----- The data -----
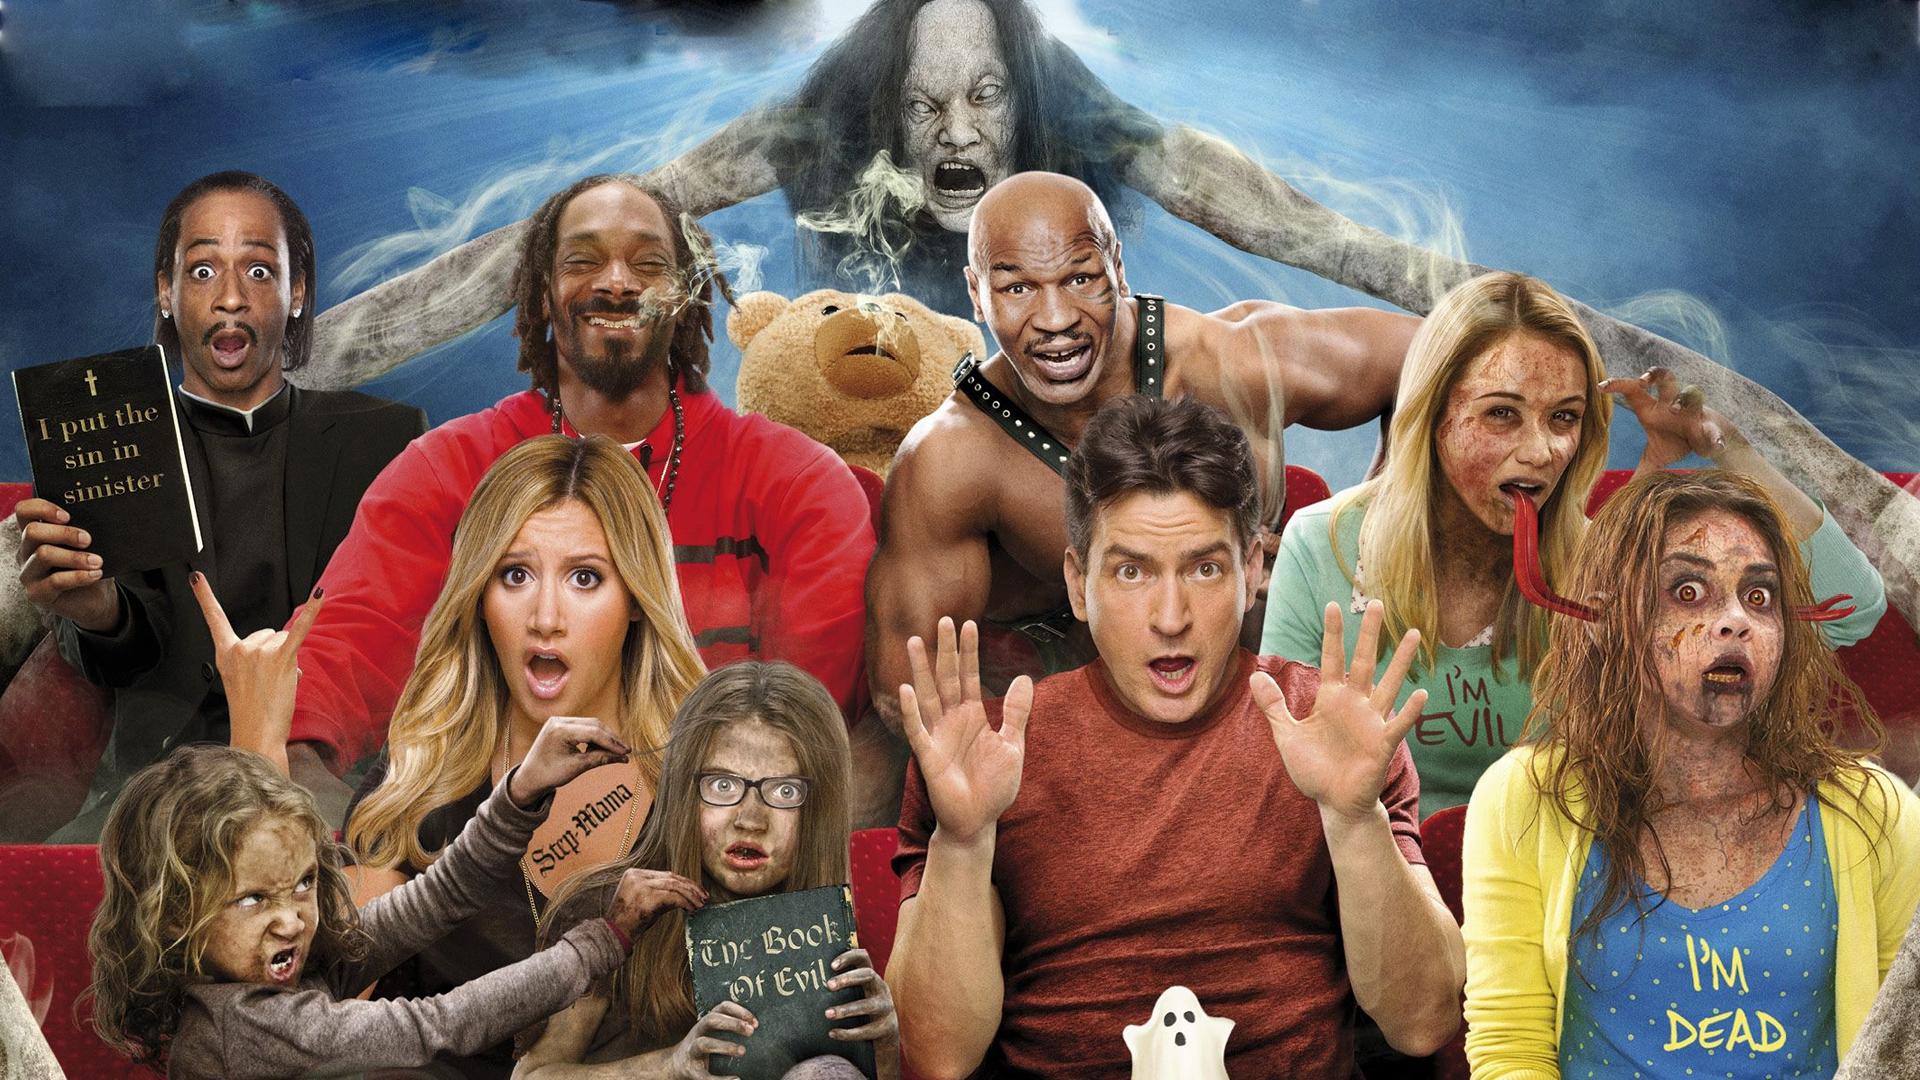 为什么系列老粉都说《惊声尖笑5》不好看?
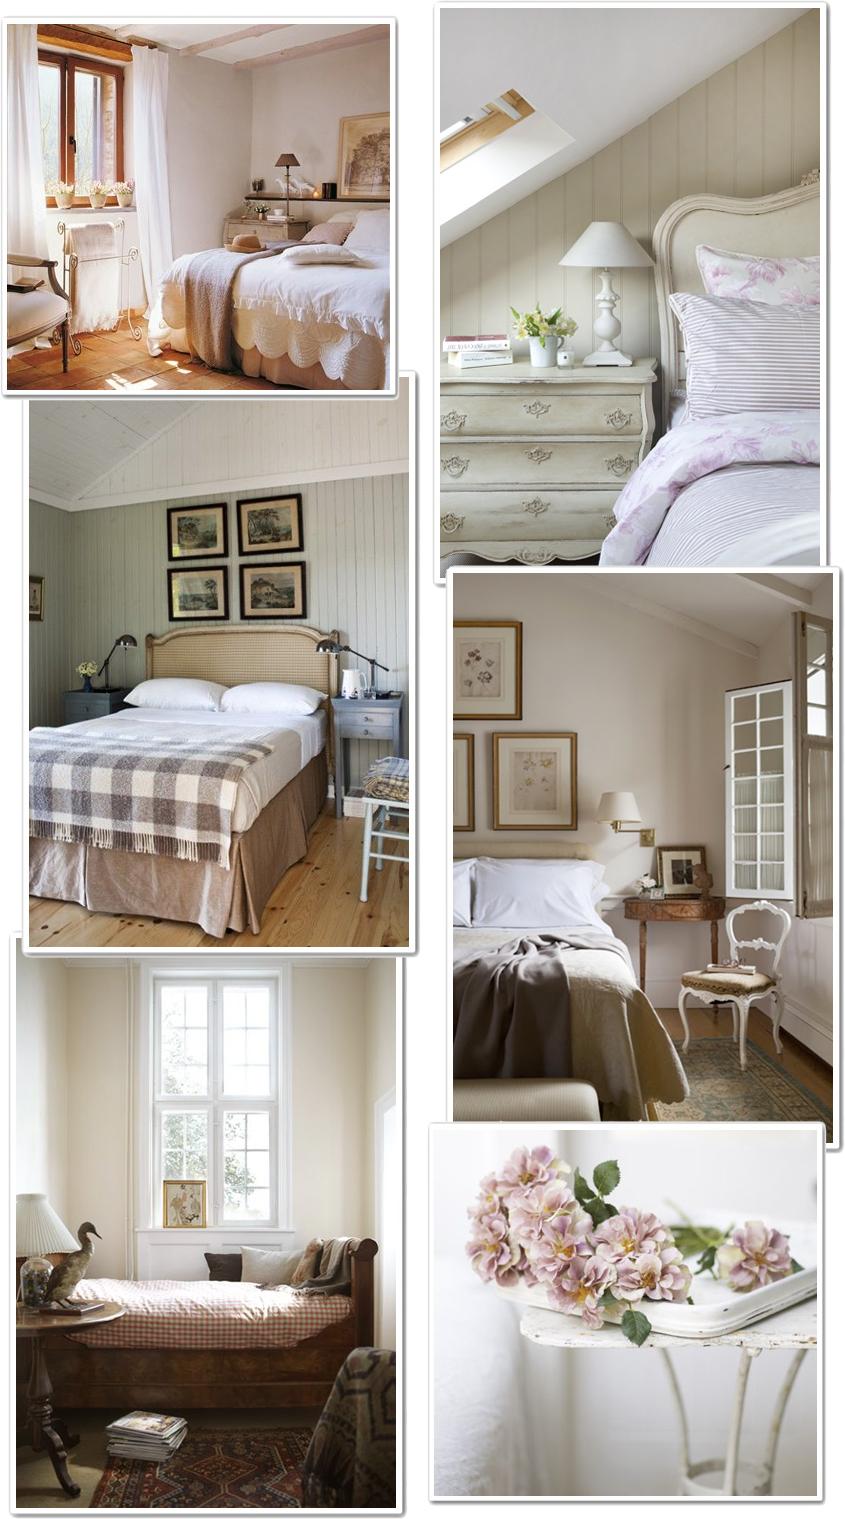 Poltroncine moderne per camere da letto - Testata letto matrimoniale shabby ...
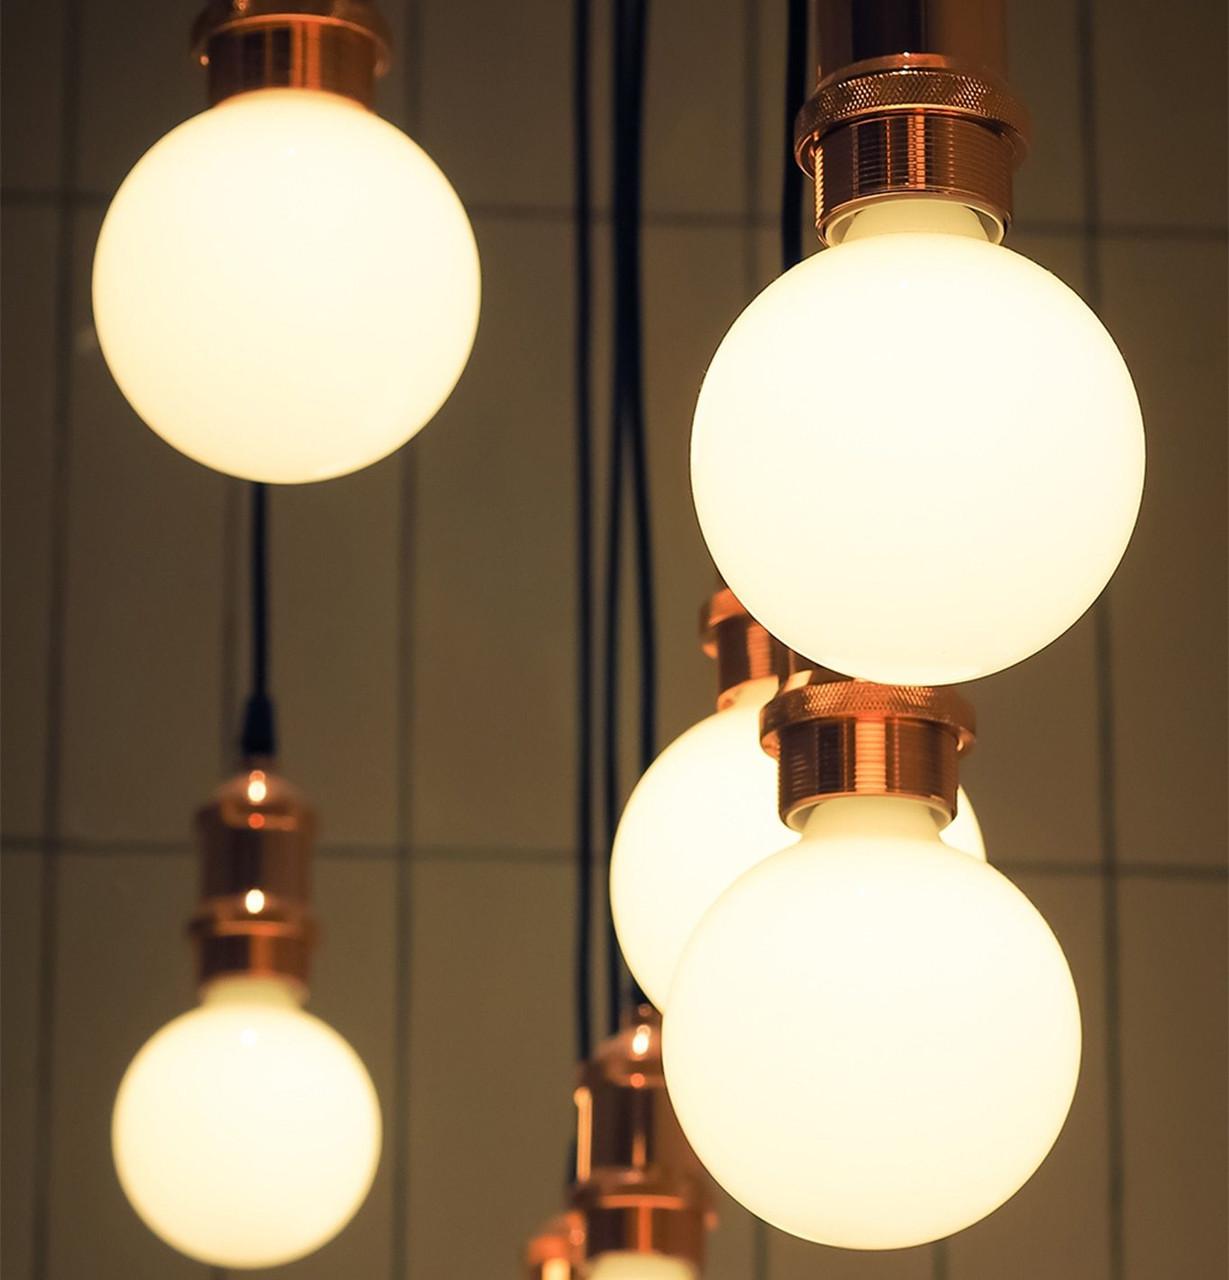 LED Dimmable G95 Opal Light Bulbs
-----
■ What the task requires
An exact reproduction of the material above is needed, without its pictures.

■ Task solution
 为什么系列老粉都说《惊声尖笑5》不好看?
 Poltroncine moderne per camere da letto - Testata letto matrimoniale shabby ...
 LED Dimmable G95 Opal Light Bulbs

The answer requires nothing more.